Proteins remain a challengePharmaceutical Sciences, Manufacturing and Marketplace Report: What issues/limitations remain with particle size analysis in the pharmaceutical industry today, and what efforts are being made to address them?
Treviranus (HORIBA): The holy grail of particle analysis is to develop instruments that can cover a wider range of particle sizes or types, provide as much new information as possible, and do so in one instrument that is easy to use. For example, HORIBA is working to combine its experience in spectroscopic chemical identification with its particle-characterization systems. Marrying particle-size analysis with optical analysis and/or surface area analysis is another opportunity that the industry is exploring.
With respect to limitations, protein-aggregation analysis remains a real challenge. There is no one instrument at this time that can provide quantitative results over the entire size range from the smallest protein to the larger aggregate. Many biopharmaceutical customers are also looking for improvements in zeta potential analysis systems. One major flaw of this analytical method is the fact that, when the electric fields are applied to the samples, currents are generated. Pharmaceutical customers were reporting both variability in results for repeated tests and a trending of results in one direction, indicating that samples were being destroyed or degraded. Damage to sample cells is also a problem. Both can be extremely costly, particularly if it means larger sample sizes are required and the material is not recoverable for further analysis.

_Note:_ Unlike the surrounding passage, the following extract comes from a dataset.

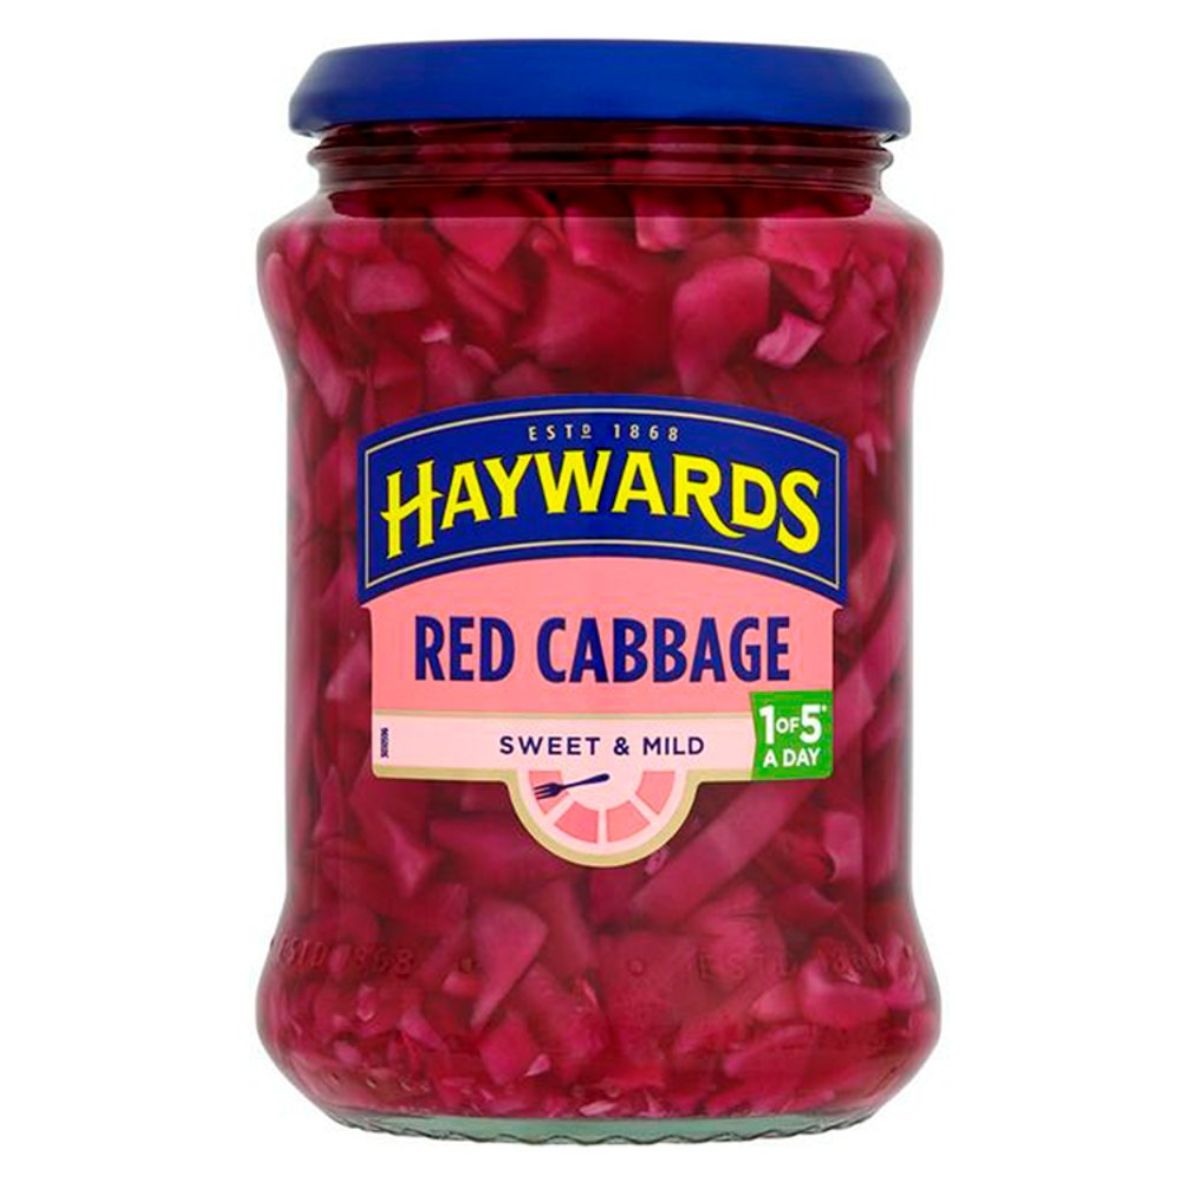 A jar of Haywards - Red Cabbage Sweet & Mild - 400g.

This issue is one that HORIBA has chosen to tackle. By replacing the precious metal electrodes typically used for zeta potential measurements with specially designed pressed graphite electrodes, it is possible to conduct the analysis with a much lower electric field. As a result, only a weak current is generated that does not damage the sample cell or the sample, which provides consistent results that our customers can have confidence in. Furthermore, the graphite electrodes are extremely durable and don’t need to be replaced for the lifetime of the instrument.